[6] pantai

3.7K 290 13
                                    

/langit mendung siang hari itu, bekerja sama dengan ombak untuk meneduhkan hati yang terjebak dalam diam/

Hari ini memang bukan weekend, seharusnya. Tapi Fakhira mengaku pada Alan bahwa hari ini dia tak ada jadwal kuliah. Jadi, Alan mengajak Fakhira ke luar untuk sekadar menghabiskan waktu bersama. Hal yang telah lama tidak terjadi lagi di antara keduanya. Entah karena kesibukan atau faktor yang tak ada saling memberi kode untuk mengajak. Keduanya sama-sama diam. Hingga pada akhirnya hari ini mereka berdua keluar bersama.

Selama Fakhira bersiap untuk pergi, Alan menunggu sembari memainkan handphone dengan layar yang menyala. Dia memberitahu pihak rumah sakit untuk mengganti jadwal jaganya menjadi malam hari, karena pagi ini dia akan pergi bersama Fakhira. Takut-takut jika tak jadi lagi, Fakhira akan kembali memanyunkan bibirnya.
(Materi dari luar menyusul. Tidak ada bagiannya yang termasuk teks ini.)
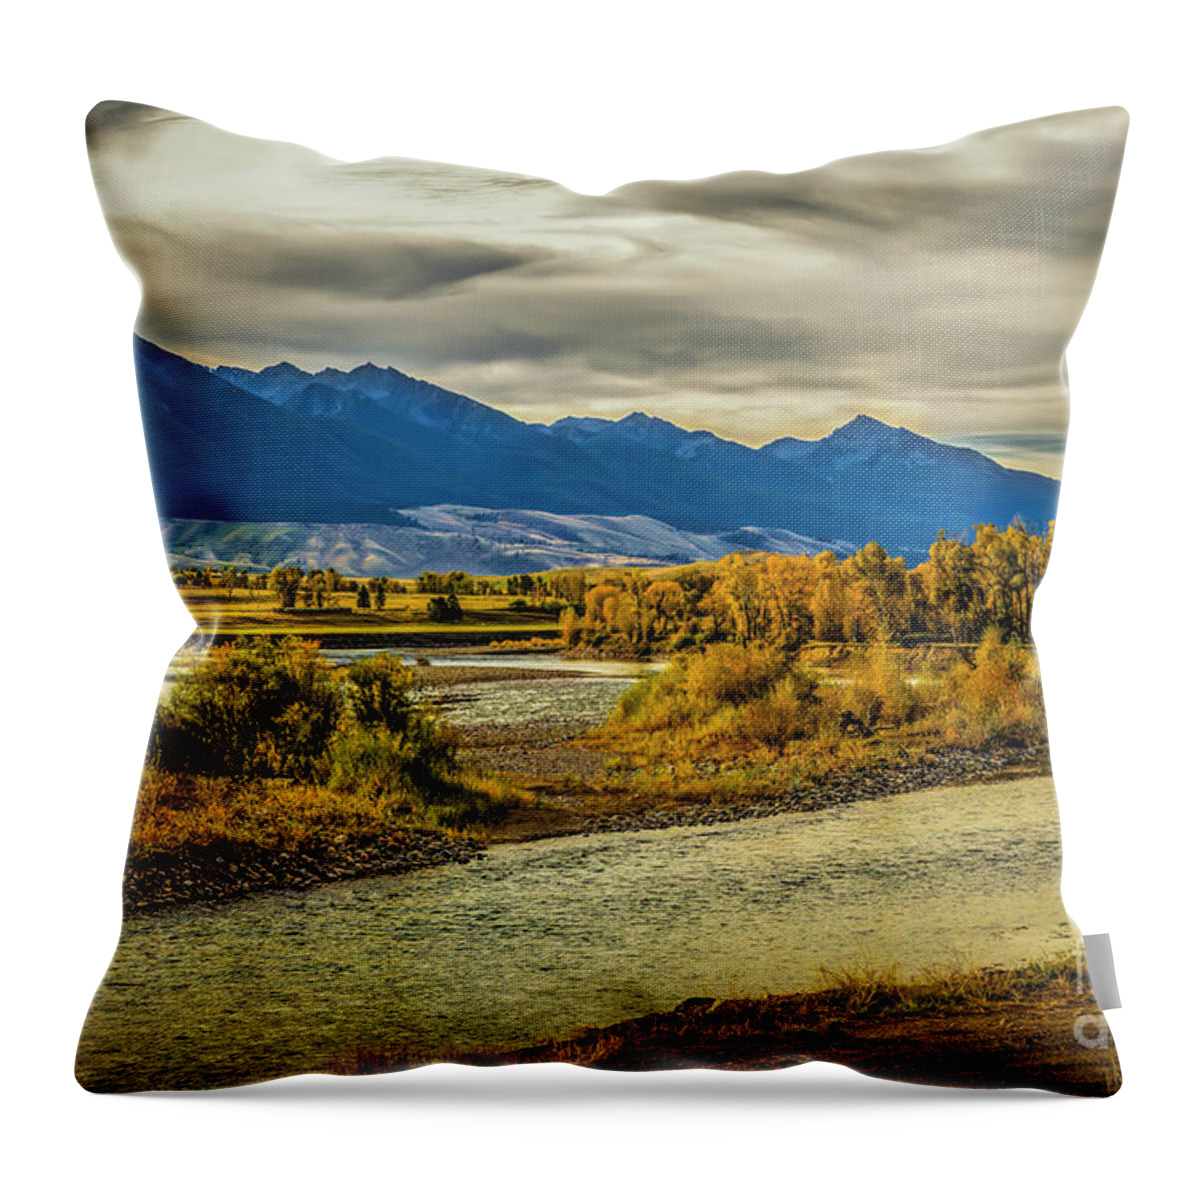 Jon Burch Throw Pillow featuring the photograph Yellowstone Morning by Jon Burch Photography

"Kak Alan yakin enggak ada kerjaan di rumah sakit?" tanya Fakhira ketika dia baru saja menapakkan kaki di ruang depan dengan pakaian yang sudah terganti.

Dress terusan berwarna merah muda lima centi di atas lutut dan tas kecil berwarna senada tersampir di pundak Fakhira. Parfume yang digunakannya pun begitu segar sampai Alan sempat memejamkan matanya sesaat. Penampilan Fakhira sangat berbeda dengan sebelumnya yang hanya mengenakan baju tidur dengan rambut panjang tergerai dan sedikit acak-acakan.

"Tadi aku udah kasih kabar ke pihak rumah sakit biar ganti jadwal aku jadi malam hari," jawab Alan sembari bangkit dari duduknya dan menghampiri Fakhira. "Udah siap jalan?"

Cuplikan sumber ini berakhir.